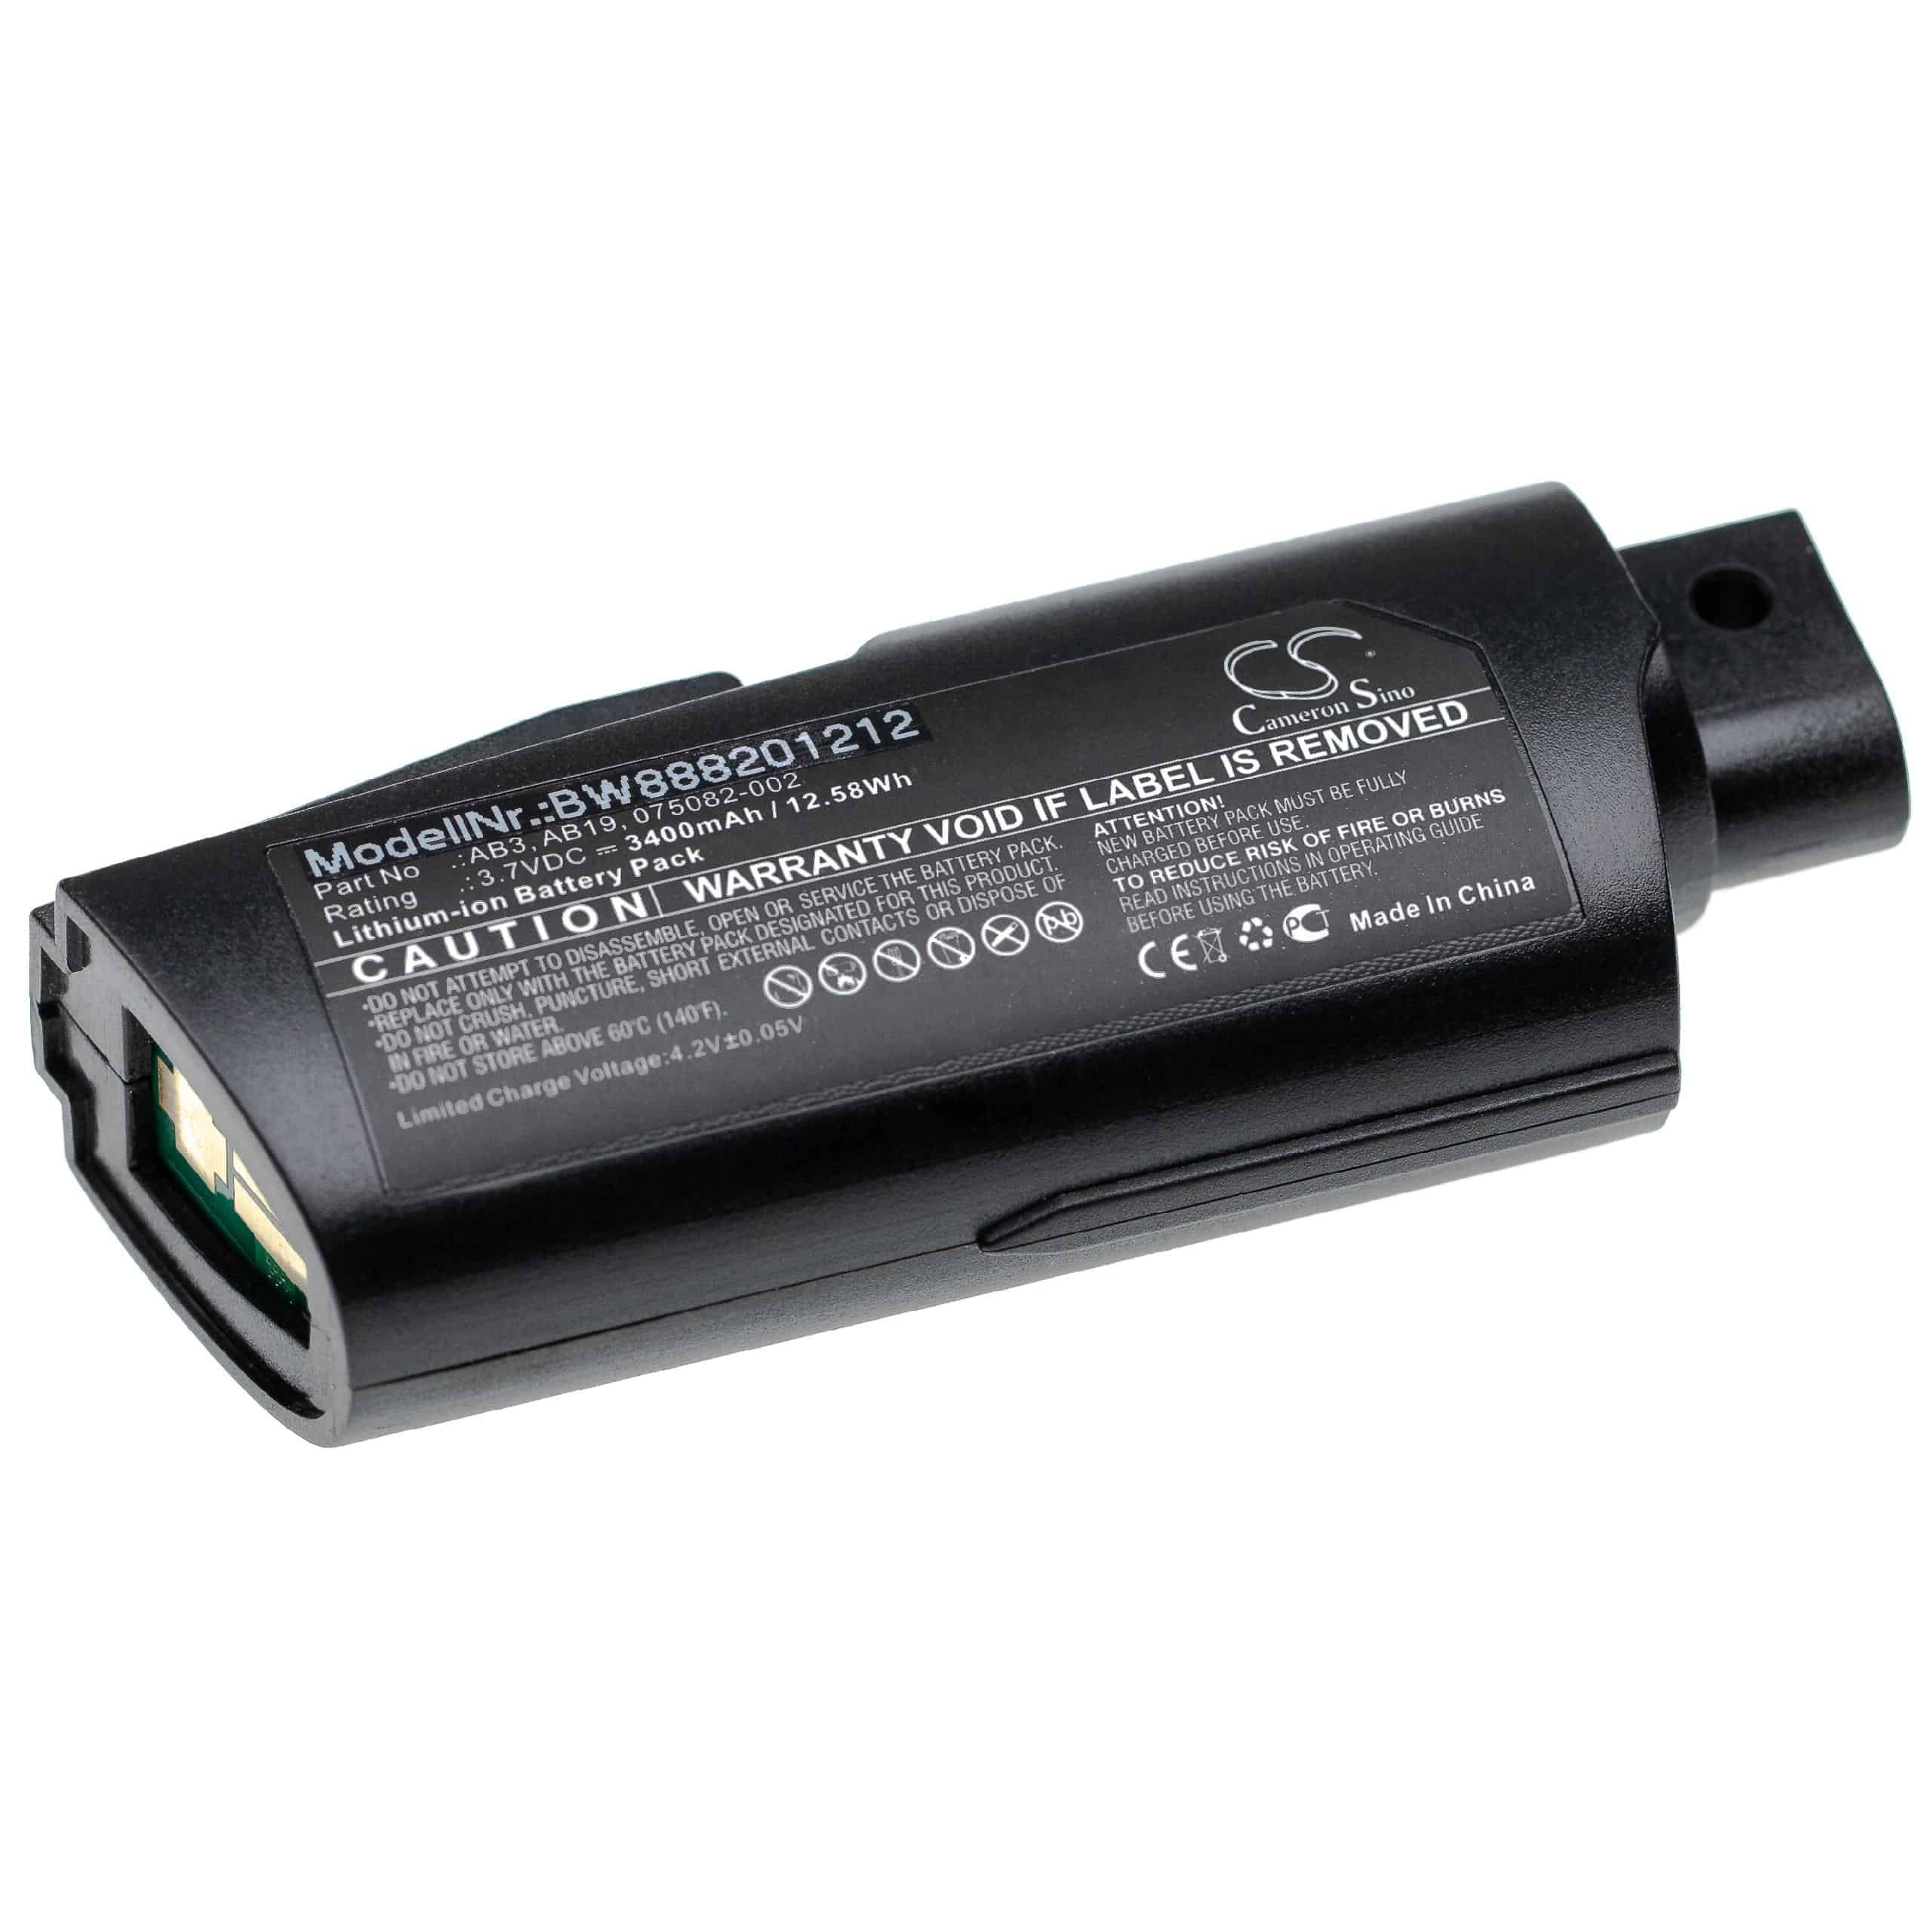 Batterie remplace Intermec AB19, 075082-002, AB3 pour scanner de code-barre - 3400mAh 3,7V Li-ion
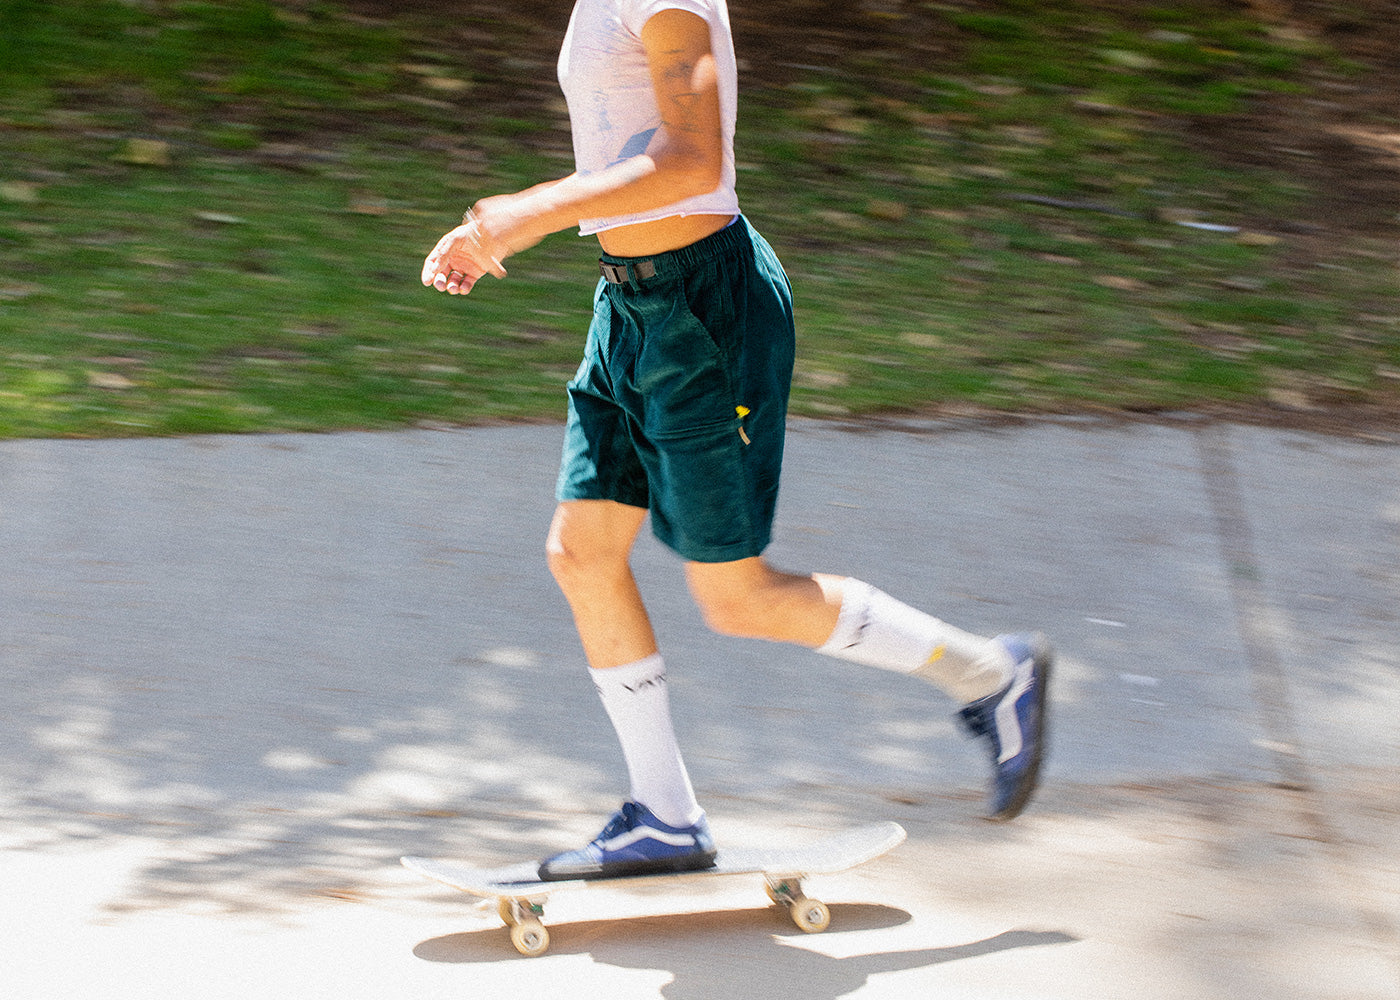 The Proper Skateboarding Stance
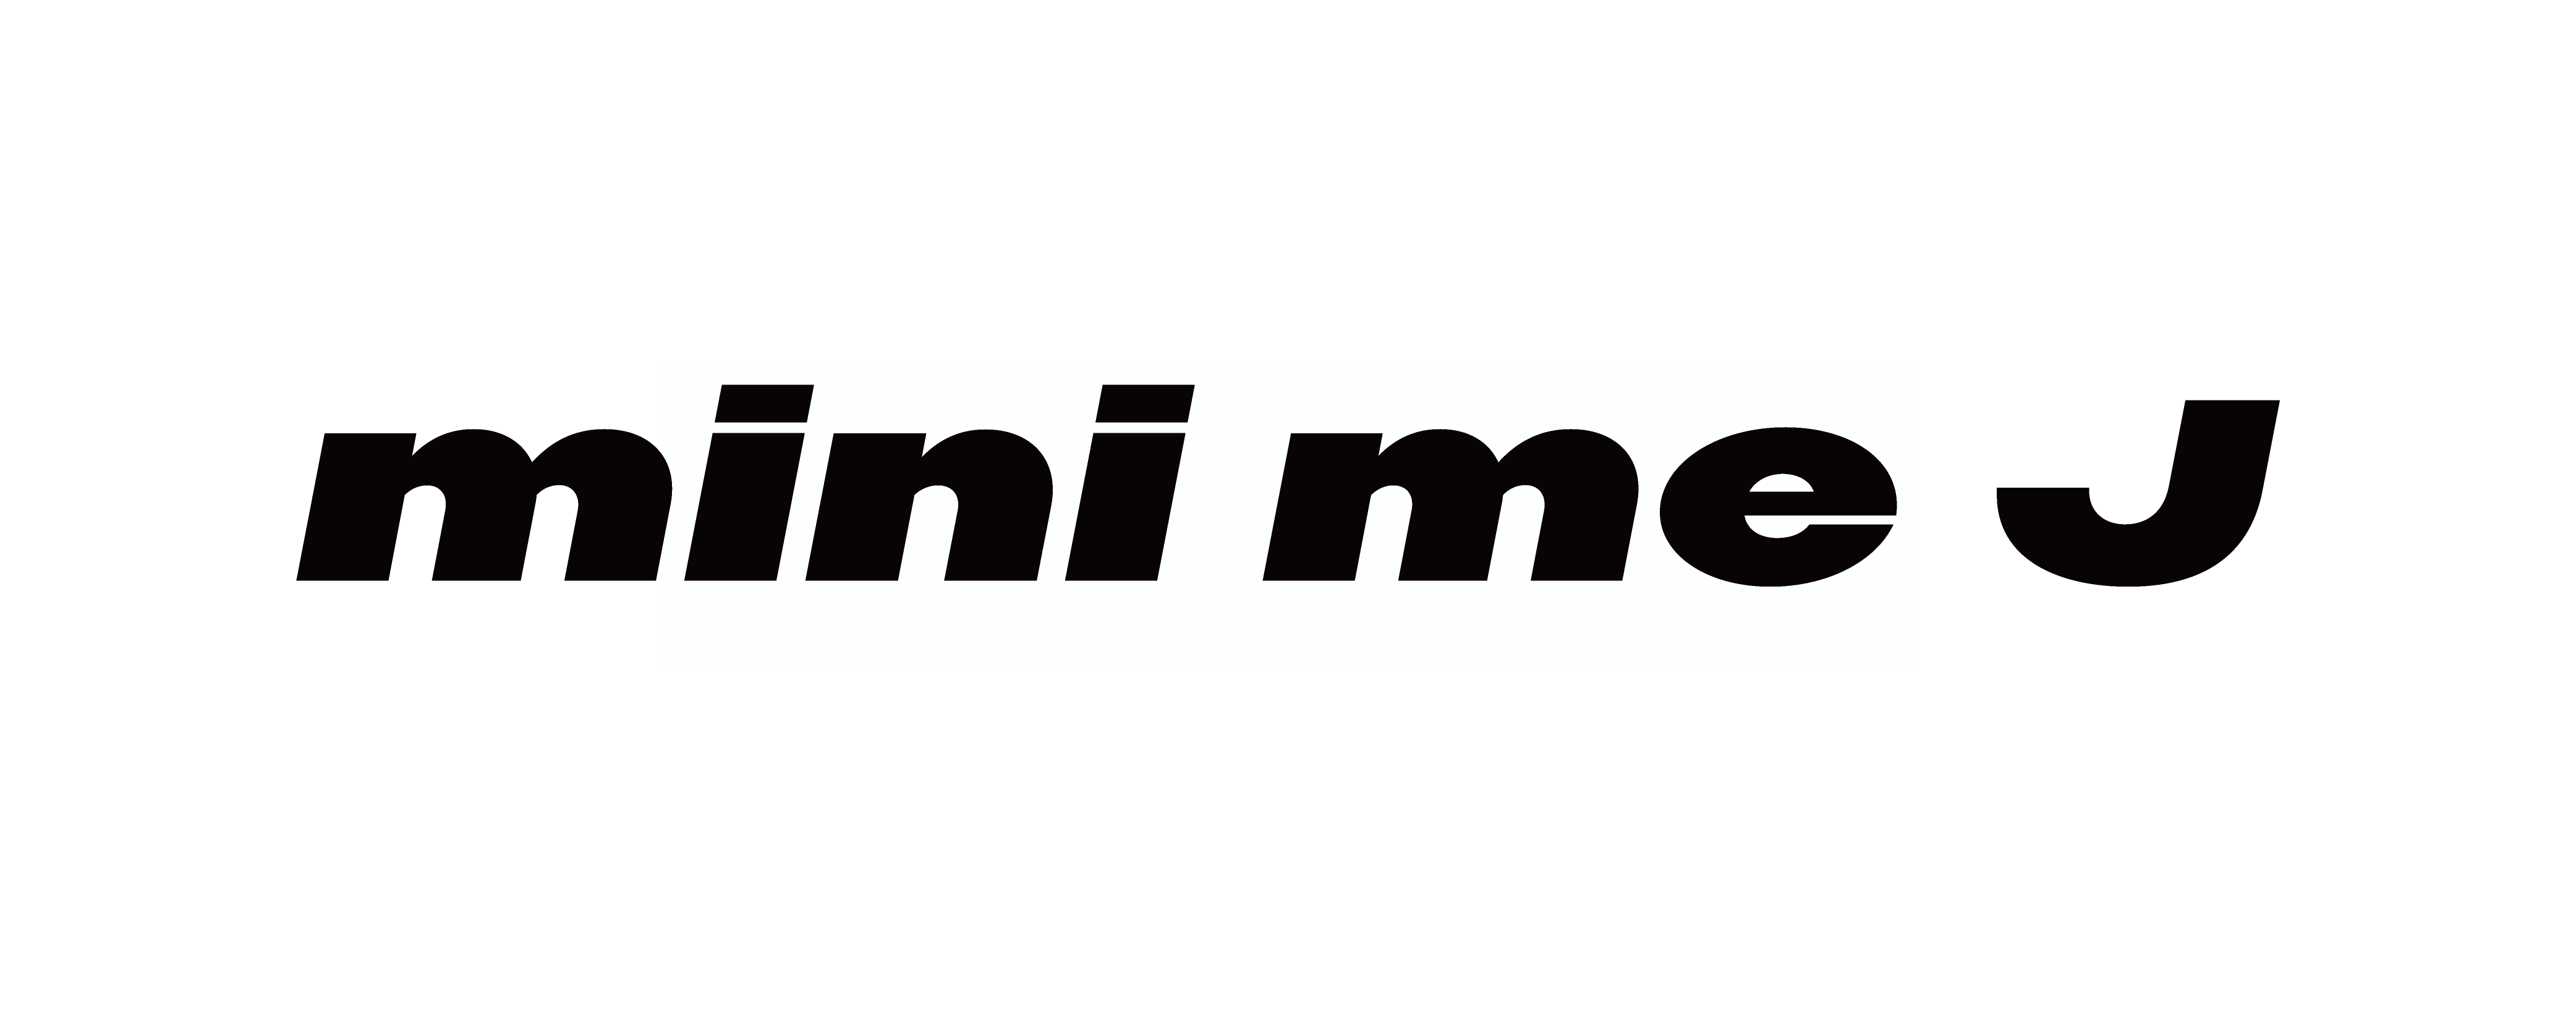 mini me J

|---|

Your objective:
Reproduce the material word for word, minus the images.

Problem solution:
 Batterie remplace Intermec AB19, 075082-002, AB3 pour scanner de code-barre - 3400mAh 3,7V Li-ion
 The Proper Skateboarding Stance
 mini me J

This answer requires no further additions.